And again, context matters. The scalps were those of Columbia’s founders, not some random innocent victims. The fact that scalping is all the founders suffered tells me that the Vox weren’t interested in revenge. If they were, they’d have gotten way more creative.
So to answer your question, and rephrase it given that revenge isn’t the issue: do victims of oppression have the right to use any and all means necessary to end their oppression? No. But the examples you cite — killing the Columbian equivalent of Hitler Youth, scalping the men who made that whole flying nightmare of a city — don’t fall outside the lines of what I would consider “necessary”.
“killing the Columbian equivalent of Hitler… [doesn’t] fall outside the lines of what I would consider ‘necessary’.”
Seriously? Man, I wonder why the Allied Forces didn’t go around murdering the *actual* Hitler Youth. I mean, it’s not like any of them could grow up to be functioning, healthy, well-adjusted and successful people. They could never be, like, Pope material, am I right?
Oh, right, I remember why we didn’t do that. Because murdering children is wrong. Always.
I can’t believe you need someone to explain that to you.
Y’know, this actually kinda breaks my heart here. I *love* your books. But I’m gonna have a hard time separating this conversation from them now.
Note: the quote is “Killing the Columbian equivalent of Hitler Youth”

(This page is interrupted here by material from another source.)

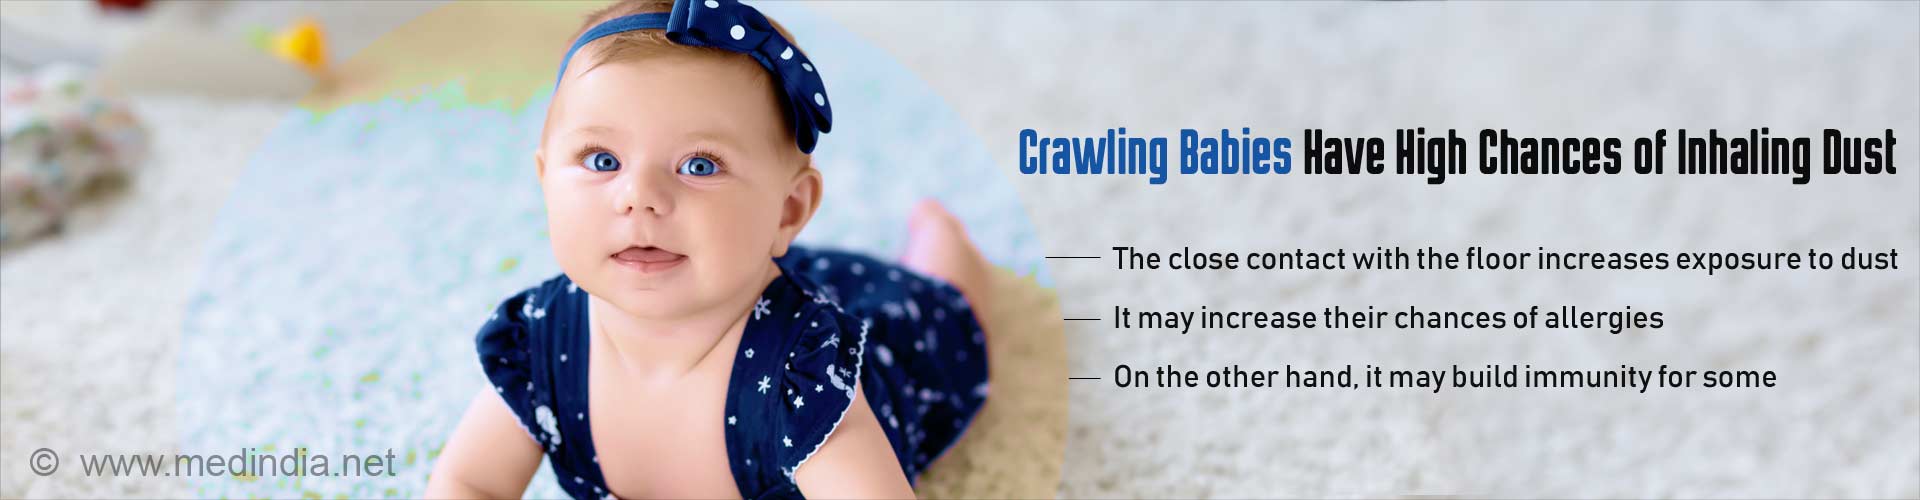 爬行的婴儿有很高的机会吸入灰尘——与地板的密切接触增加了接触灰尘的机会——这可能会增加他们过敏的机会——另一方面，这可能会增强一些人的免疫力

Dom, wow, you didn’t address a single other one of my points. That’s interesting.
Uh, the Allies damn well did kill Hitler Youth when they encountered them on the battlefield. Wow, your knowledge of history is really disturbingly idealistic and rooted in false information; where did you get the idea that the Allies didn’t kill kids? Same place you got the idea that the French Revolution, rather than its aftermath, was extremist? You need to check your sources. Get some alternative perspectives.
So, here, I did some Googling for you. Note the WWII paragraph in the Wikipedia article on the Hitler Youth; the Allies gunned down 12-year-olds. Because those 12-year-olds would’ve happily done the same to them. I suppose you would’ve thrown down your weapon and let these child soldiers, who were not just murderous but hell-bent on imposing a fascist regime upon the world, kill you? Since killing children is always wrong.
Let’s hope neither of us ever faces this situation in real life.
But like I said in my original post, my objection wasn’t to the idea of Fitzroy killing a child. My objection was to the contrived way the whole thing went down — no explanation for why she was going to kill this particular kid when she had reason to hate all white Columbians; no context to explain what happened between Fink’s death and the kid-threatening tableau; no foreshadowing; no rational behavior from a woman who’d previously shown herself to be brutally rational, even to the point of realizing DeWitt needed to be dead to be usable as a martyr. Like you said, this was the developers’ attempt to insert complexity into the narrative — but it was a weak attempt. Badly-written, and supportive of the false equivalence fallacy. It simply failed.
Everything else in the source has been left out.